Actually, there was a chance that the 970FX would scale to 3GHZ by January. that didn't happen. The yields are too low right now for the 970FZ at 3GHZ, and it would be much hotter (I think around 90W+, but I could be wrong).
The order of events - from what I've been told - is this:
Jobs made the "promise" last year at WWDC. He knew at that time that IBM would be fabbing at 90nm before the end of the year. He knew that IBM was optimistic that the 970FX would have good yields at 3GHZ. My guess is that Steve was hoping for 3GHZ in January at MWSF to really impress the Mac World (double intendre). The problem ended up being that IBM could not even provide ANY 90nm chips, even for the 2GHZ xServe (and it was supposedly scaled back because IBM thought they could ship 2GHZ 970FX in quantity). Even IBM didn't expect these kind of delays. They had thought they'd at least have 2.5GHZ available in mass by February - but they are only now finally shipping these things out.

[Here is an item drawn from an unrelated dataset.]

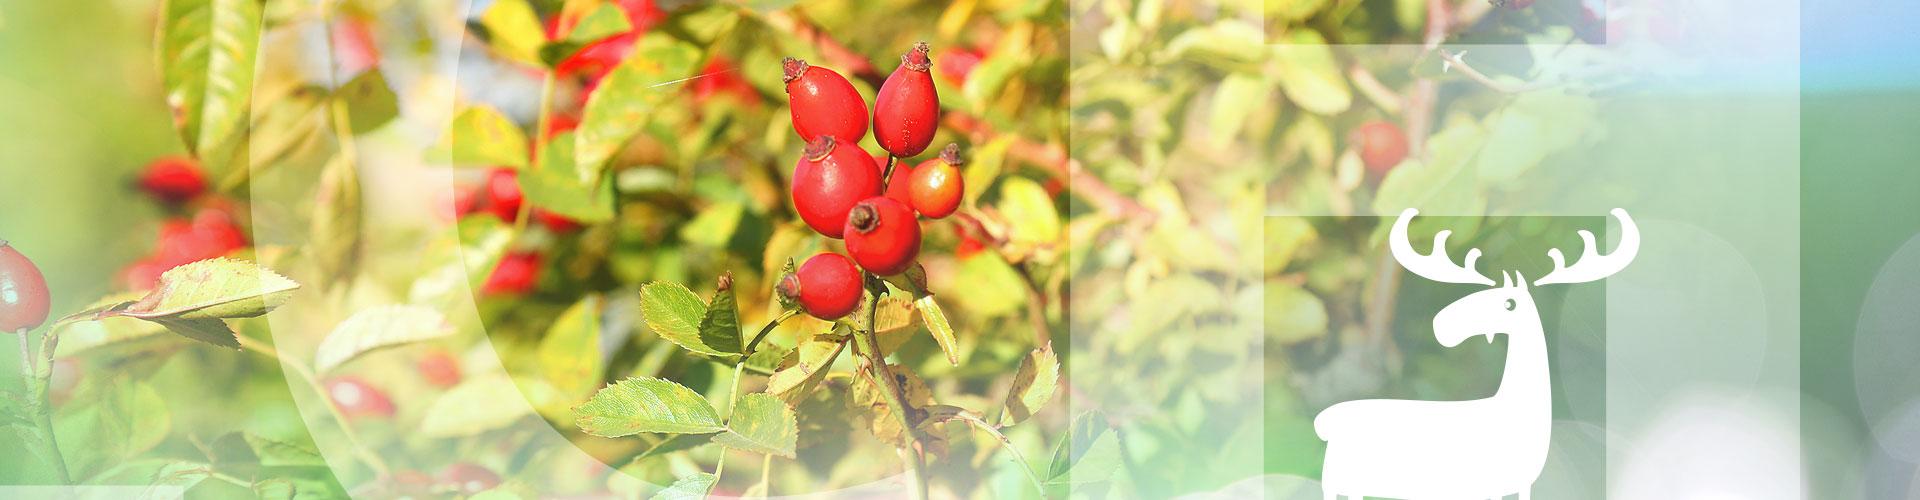 slider21_herbst2.jpg

So, even with the delay, Jobs new that IBM would get the POWER5 derivative out during the summer. Problem is that the delay on the 970FX has pushed the manufacture of the new chip back later in the summer, BUT preliminary tests have indicated that it shouldn't hit any major snags.

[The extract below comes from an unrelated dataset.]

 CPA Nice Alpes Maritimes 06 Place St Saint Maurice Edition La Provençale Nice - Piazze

So, essentially, IBM and Apple had accounted for delays, but didn't expect the massive delays they ended up getting. My guess is that Apple couldn't wait to update until Sept./Oct. due to slumping sales and they HAD TO put out PowerMac updates in order to get them up a bit. So these machines will ship in July/August. I still think we'll see new chips based on the PPC975 (as most call it here) by October - the current revisions being only a stopgap.

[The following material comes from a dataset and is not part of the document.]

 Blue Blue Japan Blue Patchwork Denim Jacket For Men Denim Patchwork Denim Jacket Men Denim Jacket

As for the dual-core chip, don't bet on IBM. They do have multi-threaded chips coming up, but FreeScale could be producing a dual-core e600 before the year is out. In many ways, their new fab in Crolles is superior to the Fishkill plant. Without Moto's incompetent management, I fully expect FreeScale to surprise. In fact, a September/October update of the PowerBooks and iBooks featuring new G4s with greater bus speeds, more L2 cache, architectural improvements, and dual-core chips in the PowerBooks woudl not surprise me. If things pan out, I think we could see Apple refresh all of their lineups through the month of October, getting ready for the Christmas season. I'd also love to see some nice iPod/Mac combo deals to try to lure people in with the iPod.